Category Archives: Trips

Shiawassee River, Henderson Park to Ditch Road, June 16

We’ll meet at Henderson Park north of Owosso at 9:00 a.m., run shuttle, and paddle about 9 miles down to the old Parshallburg Mill Dam site off Ditch Road. This is an easy route with no portages or obstacles to avoid, although the old mill pond at the end of the trip will be slow going due to duckweed growth. There will be a lunch stop along the way. More details when you RSVP. PFDs must be worn while on the water. If you haven’t signed a trip waiver for the 2012 season, I’ll have forms available at the put-in. Please RSVP, loretta [at] loapc [dot] org.

Missinaibi River Live Blogging, Part III

[Jay called in this evening. Said it was sprinkling a little up there but stopped for a while, and he wanted to make the call before the rain started again.]

Sunday, July 19, Day 9: We were slow breaking camp this morning.

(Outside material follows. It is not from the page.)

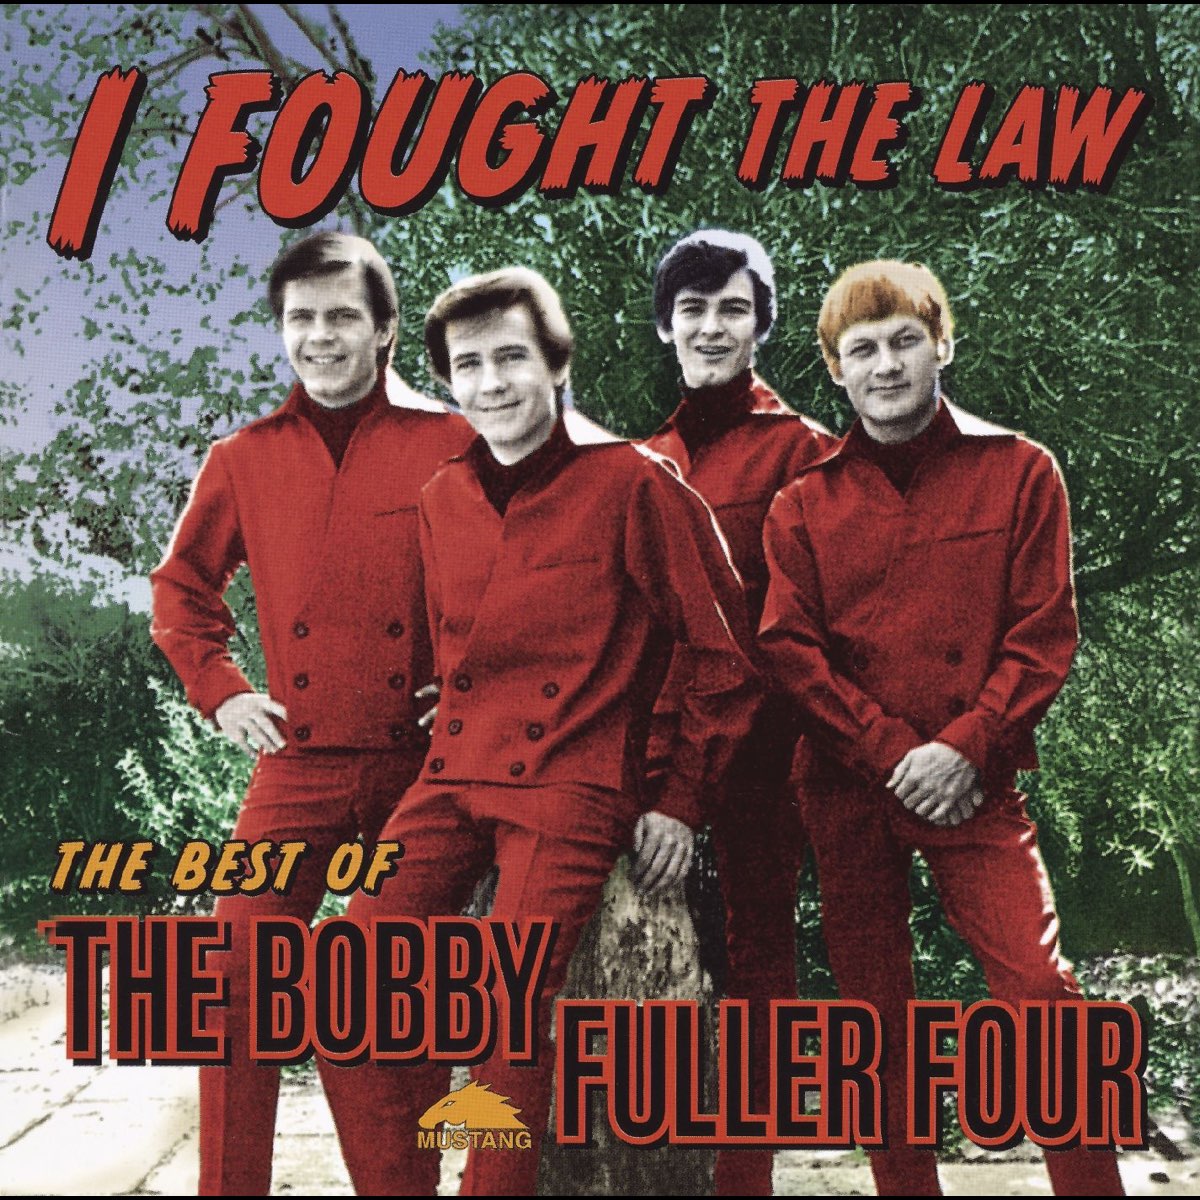 ‎i Fought The Law The Best Of The Bobby Fuller Four Album By The Bobby Fuller Four Apple Music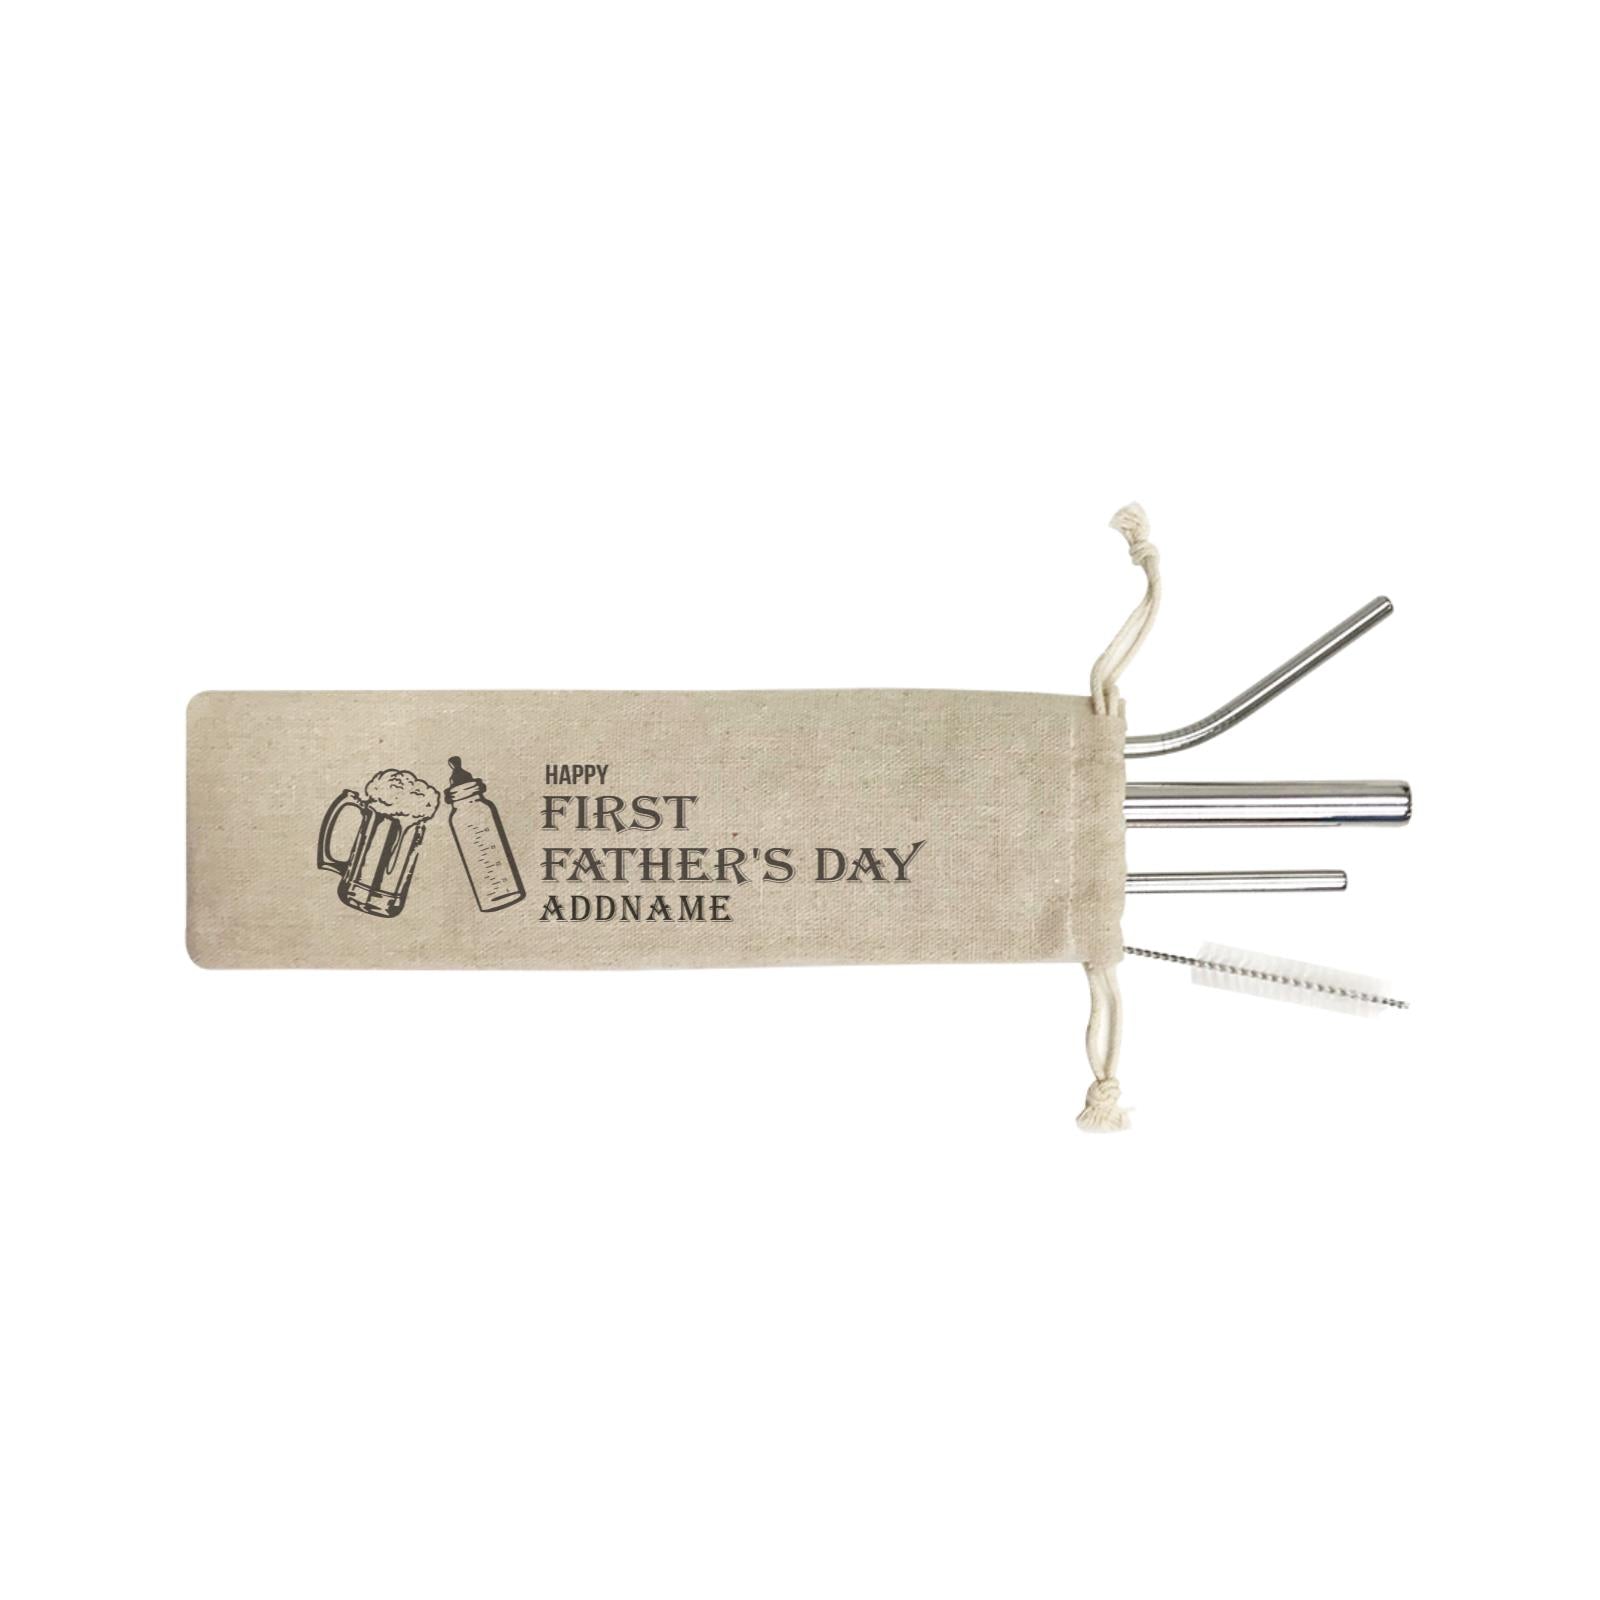 Happy First Father's Day Addname SB 4-In-1 Stainless Steel Straw Set in Satchel

It rained at night but only gray this morning. At 9 am we were packed up, and rain on the river by 9:45. The rain finally stopped by 2 pm, cooler and windy, headwinds but not bad. This was a slow section of the river with only 1 class 2 rapid right after leaving camp, and a class 1 where we stopped for lunch. By 3 pm we were in camp at rapid #30, which I later learned is called First Lake Rapid. It’s a class 1 and camp we camped on the island next to it. We covered 25km, a relatively easy day. It’s 5 p.m. and we’re relaxing at a scenic spot with 9 days behind us and 4 to go. Everything is hanging out to dry; it’s now mostly sunny with a northeast breeze. Monday will be another quiet day. On Tuesday we’ll encounter many rapids in final stretch to Mattice.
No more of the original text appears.